“Aquí va algo para ti, sólo porque eres mi mago maestro.” E.
Delicias que me regalas querida alumna, mi geisha deseada hasta la
eyaculación masturbatoria, me calientan tus carnes abundantes en su pálida
voluptuosidad exuberante, las amplias combas en mullidos excesos, las curvas
cárneas en sus máximos deleites, el todo de tu cuerpo monumental de generosa
hembra excesiva. El poeta se aferra con seguridad a las carnes de las
mujeres trozas. Naturales. Generosas. Deliciosamente voluptuosas, de glúteos
espléndidos, y muslos y hombros llenos, metáforas de la fertilidad, tal vez,
talladas en homenaje a una matrona insaciable de las postrimerías del
matriarcado; y en las mujeres rollizas de Rubens, y las madonas renacentistas,
el ideal femenino representado por la mujer madura y más opulenta que
desgarbada, de amplias, acogedoras pechugas, con los cebos de las rosas del
amor y la roja lujuria, un útero espacioso y una pelvis confortable y sólida, y
depósitos generosos que garanticen la lactancia suficiente a través de la
recurrencia de los paraísos orales, en ella están cuajadas todas las atracciones de la carne. Viva. Desnuda, deseable
(ii). Me erecta ese notorio pezón punzando el rojo erótico de tu corpiño, me
erecta gozar la íntima visión de tus bragas moradas que ni un macho ha
desvirgado con otro ojos no míos, me erecta tu escote con tus tetas opulentas
desbordando el brasier por su abundancia y sobresaliendo en los pliegues de tus
axilas en lúbricas blanduras.
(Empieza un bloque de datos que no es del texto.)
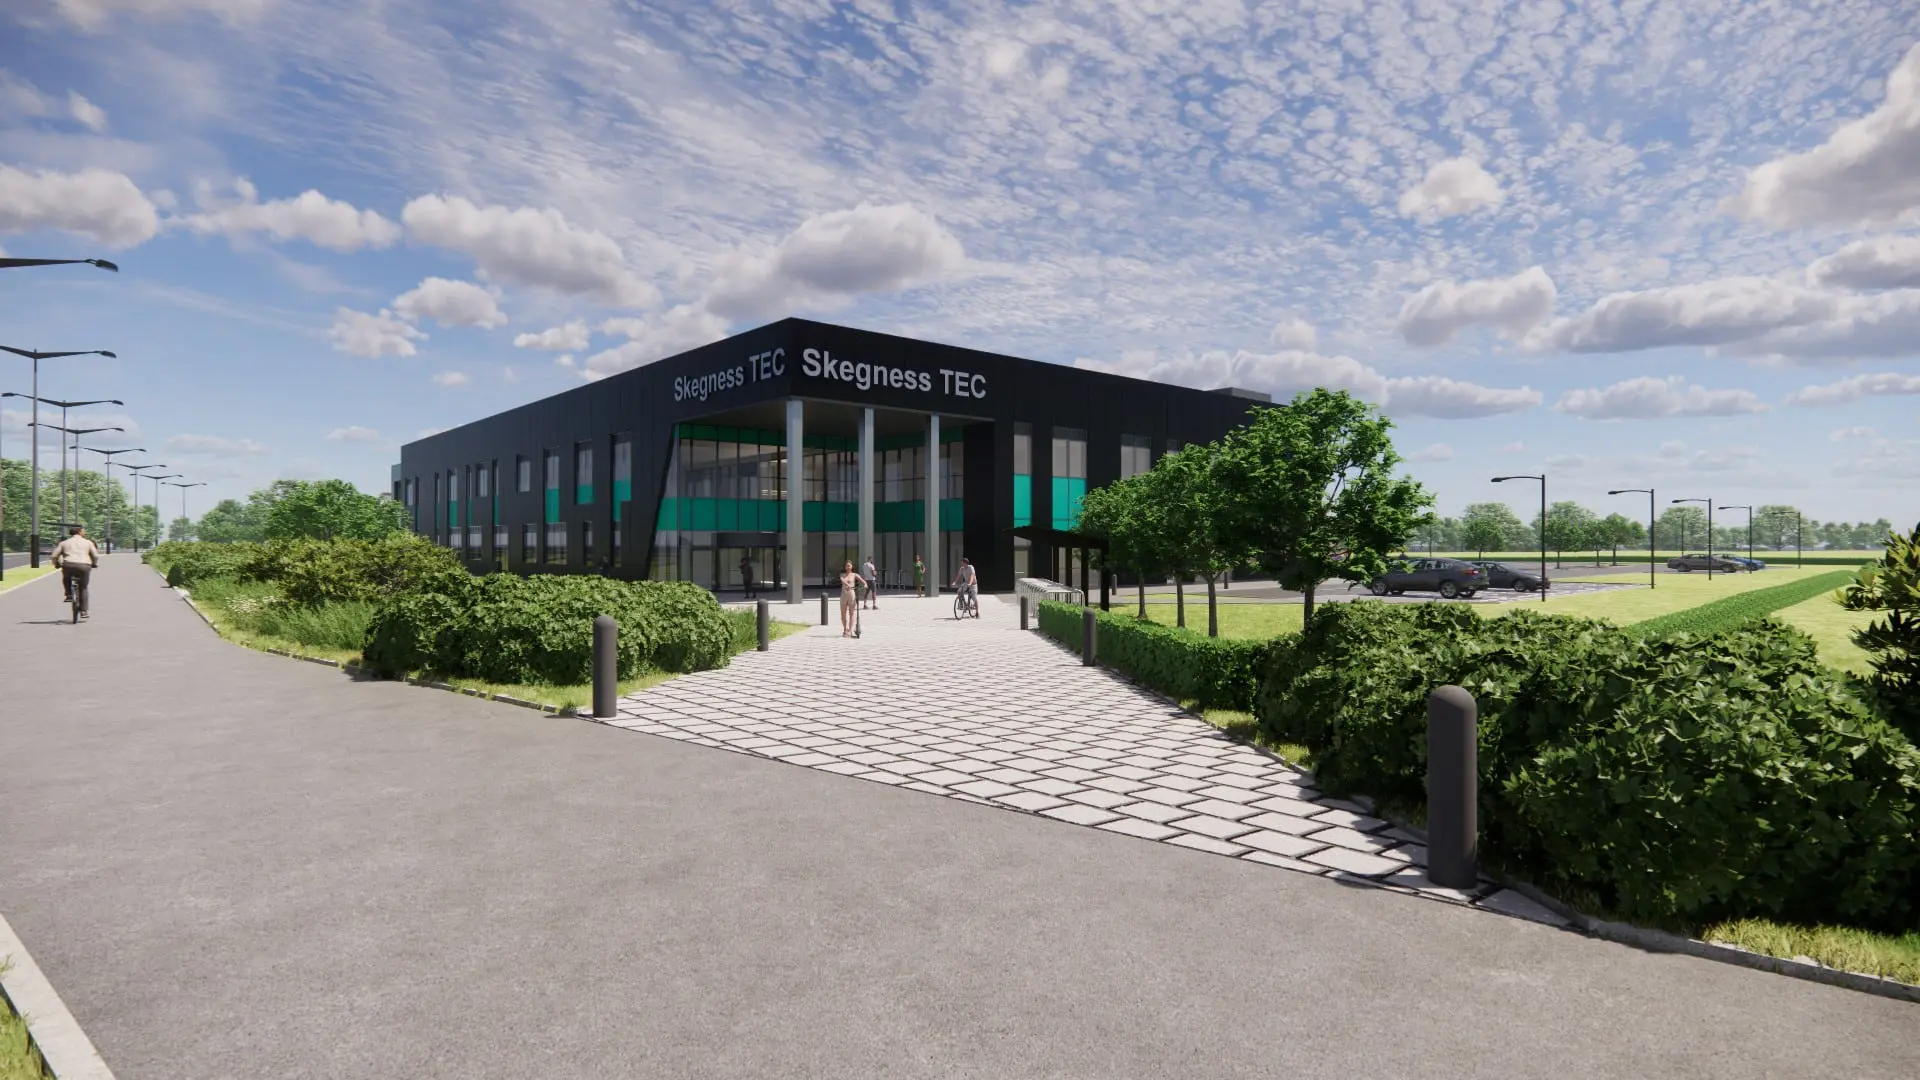 New further education campus for Skegness given go-ahead
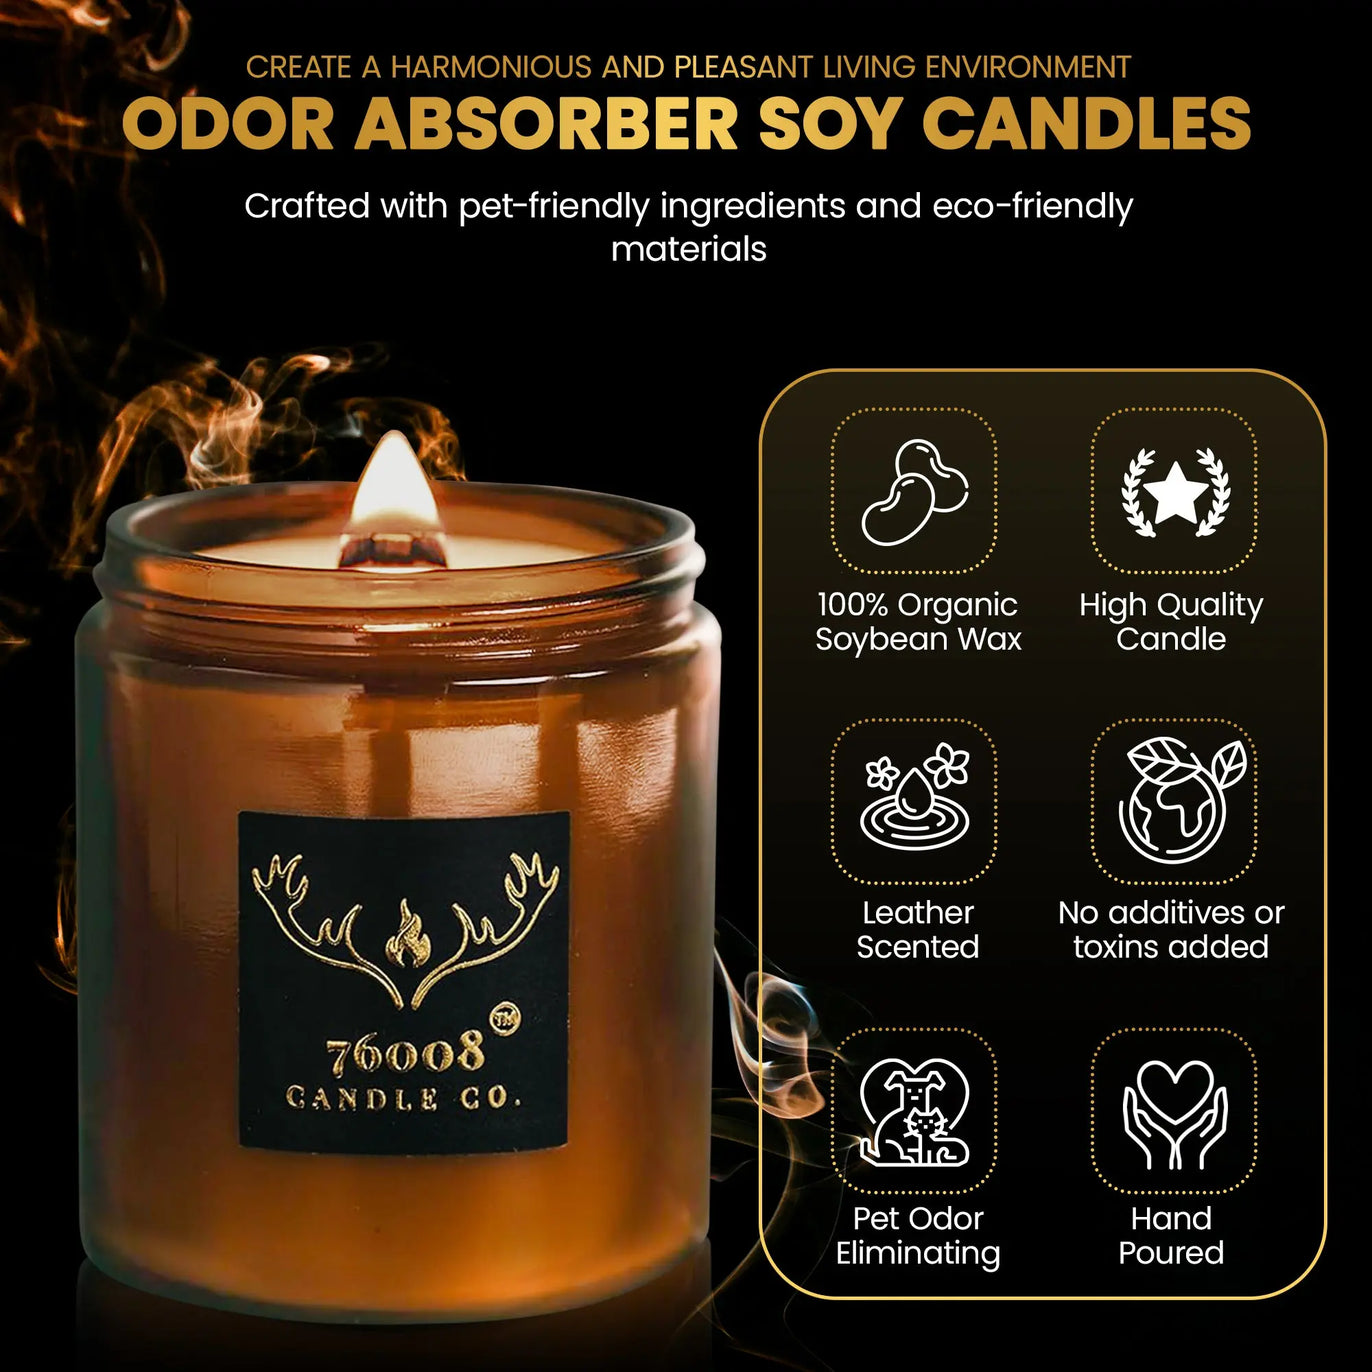 Leather Scented Candle | Man Cave Decor  | Candles for Men | Gifts for Him or Her 76008 Candle Co.

No carecen de un encanto prometedor aquellas
mujeres cuya ropa las deja escapar a pedazos, un pecho arisco, unos muslos
suculentos, y cuyas nalgas se alejan prolongando la despedida de un temblor de
agradecimiento, o reproche, cuando se van. El regusto que deja una mujer que
retiene el agua justa como una ola. Y recuerda palabras como floreciente,
fruto, redondez, salud y mambo (ii). Me engolosino en la roja rosa de tu
boquita pintada, me imagino su saliva untando mi glande y tus labios coloreando
con su rojo fuego la suave piel del tronco de mi verga erguida, mientras tus
ojitos pícaros esperan ver a boca de jarro la erupción del denso semen de la
invocada eyaculación.
(i) “La espalda que bien resalga, / Y parisiense la nalga; / La
riñonada montuosa: / Decid si no soy hermosa.” Eustache Deschamps
(ii) Levemente editado de un párrafo de “Elogio de las mujeres
gordas”, del poeta nadaísta Eduardo Escobar.